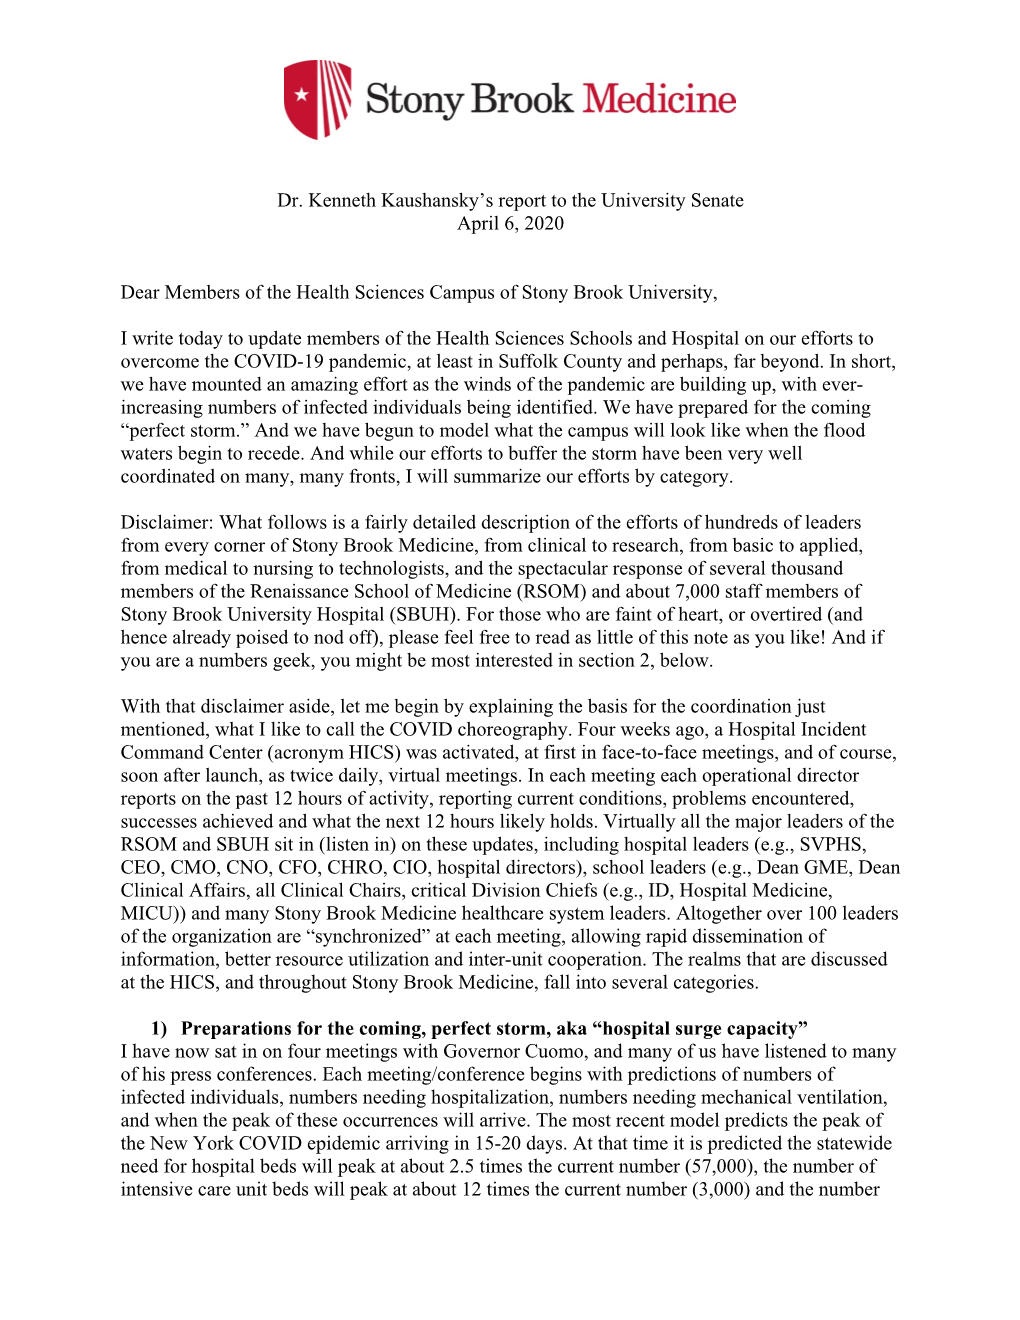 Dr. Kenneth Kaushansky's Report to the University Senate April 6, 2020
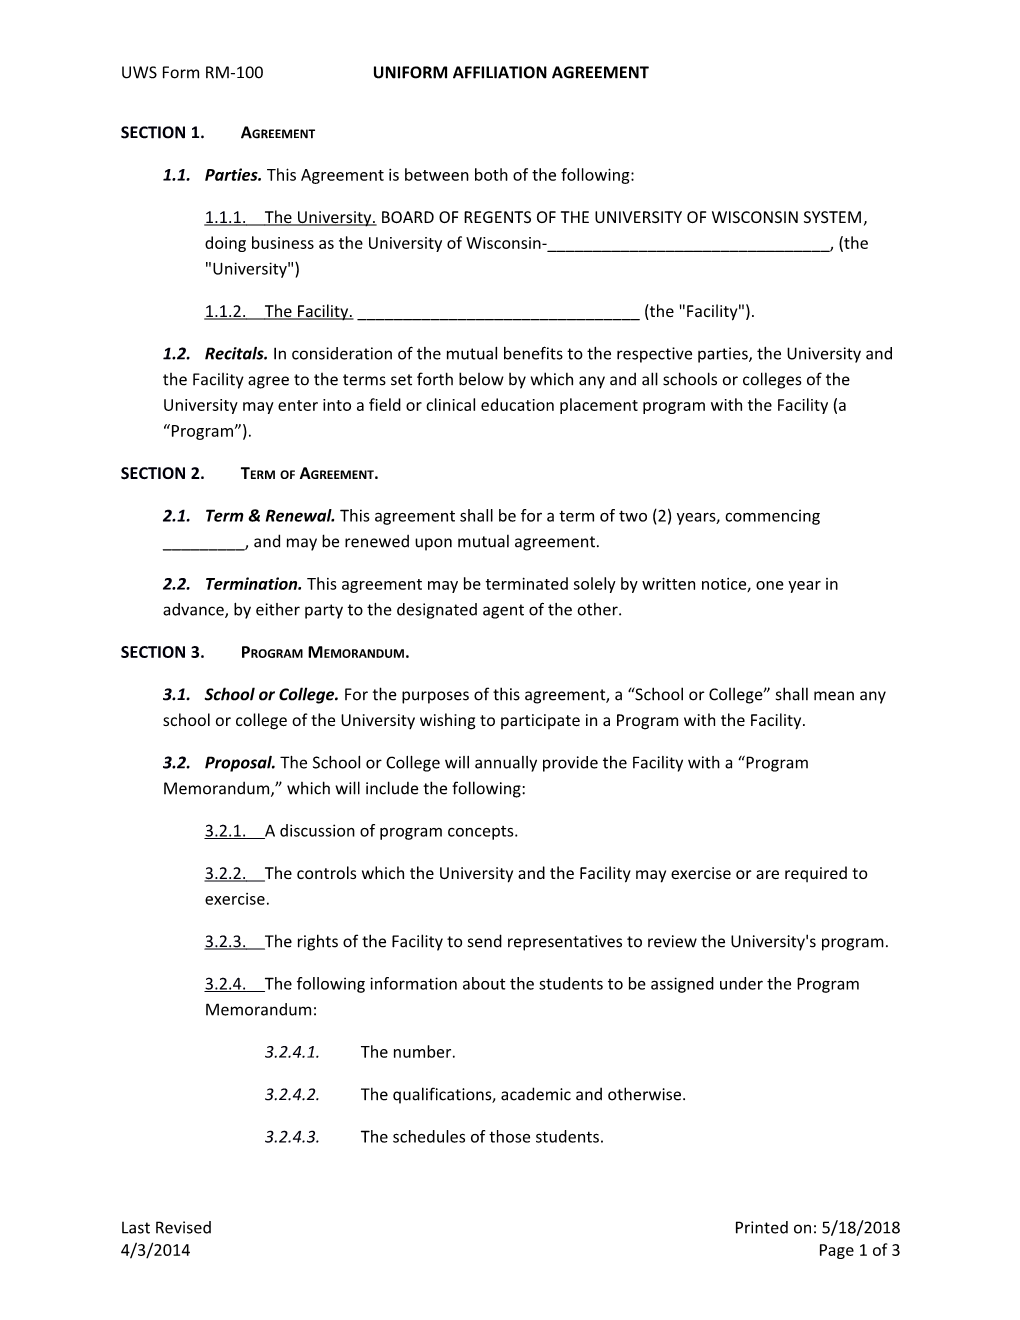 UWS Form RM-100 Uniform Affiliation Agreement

...

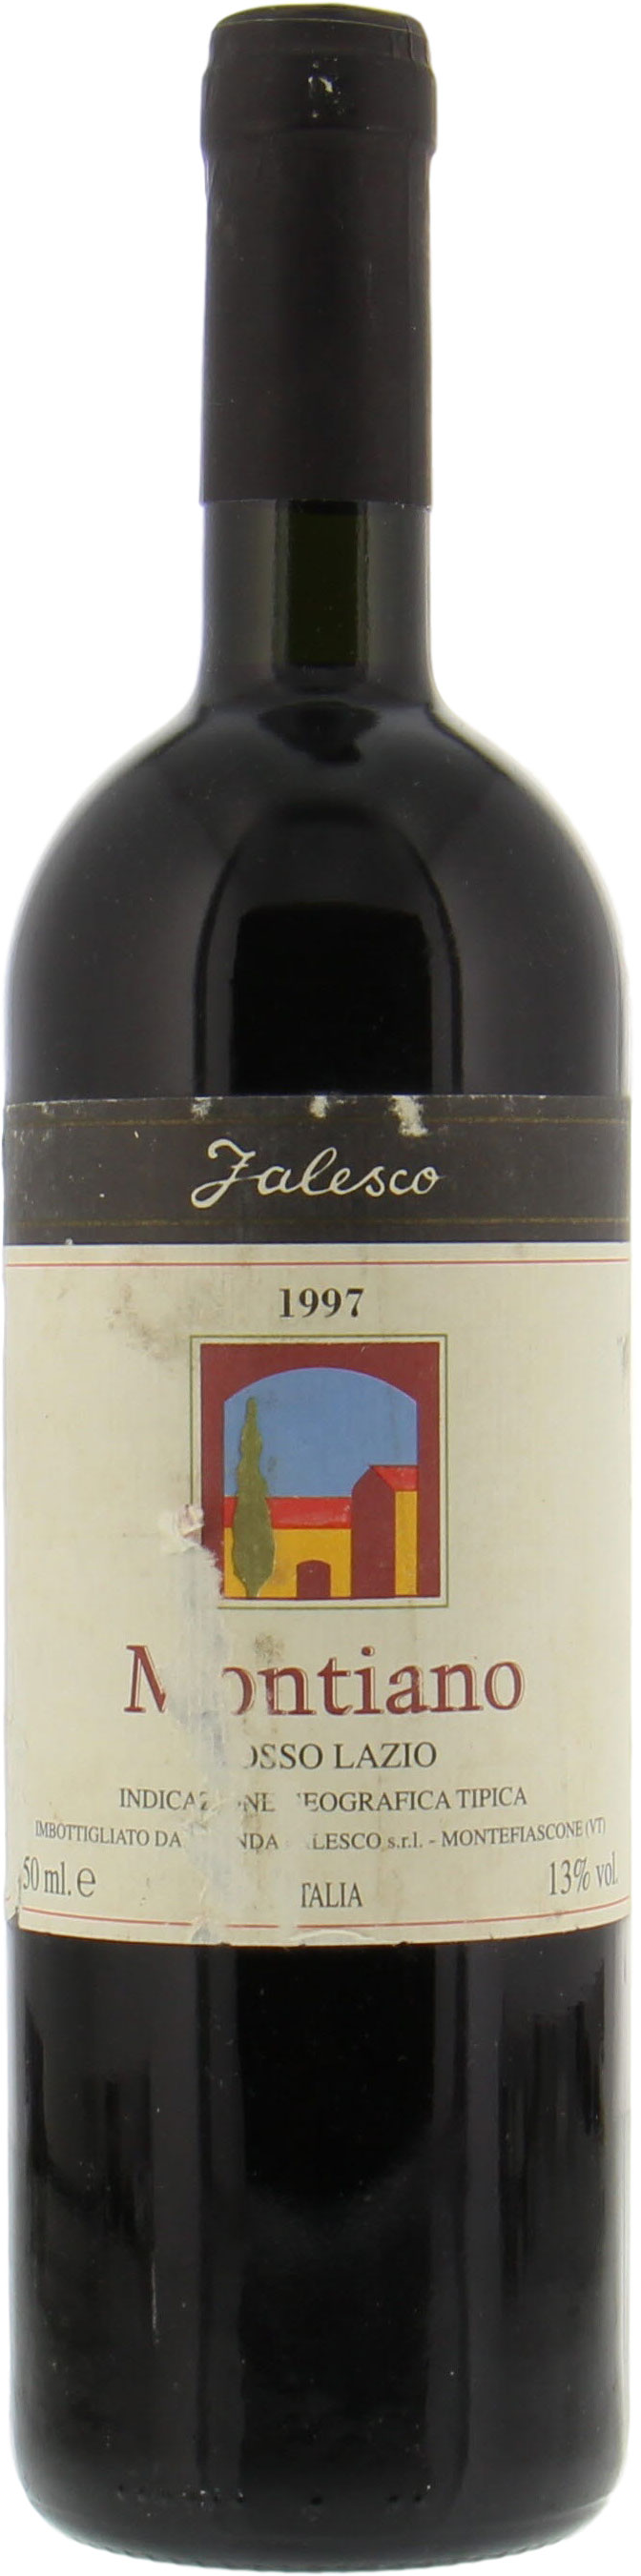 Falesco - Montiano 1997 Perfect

...

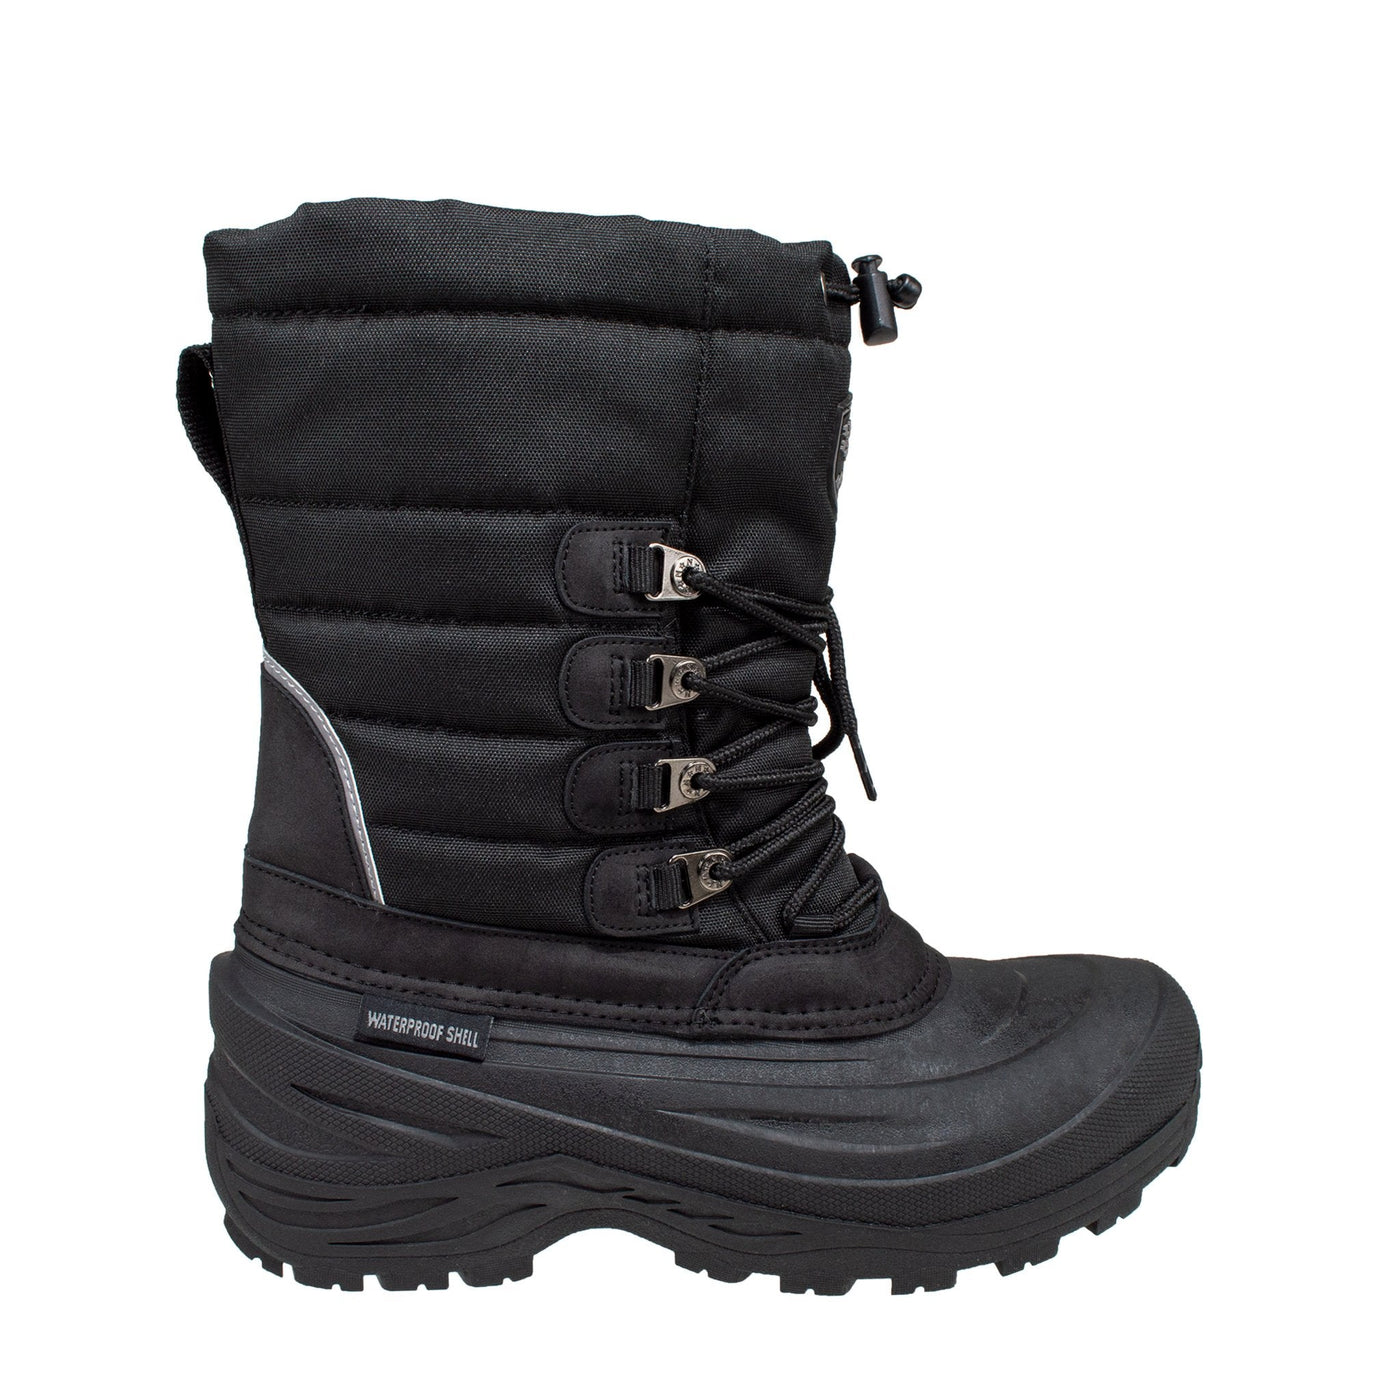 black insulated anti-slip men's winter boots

[WHAT IS EXPECTED]
Range to copy from the records above: the line containing "Dr. Kenneth Kaushansky's" to the line containing "UWS Form RM-100", both included. Output those lines exactly and only those, skipping pictures.

[SOLVED EXERCISE]
 Dr. Kenneth Kaushansky's Report to the University Senate April 6, 2020
 UWS Form RM-100 Uniform Affiliation Agreement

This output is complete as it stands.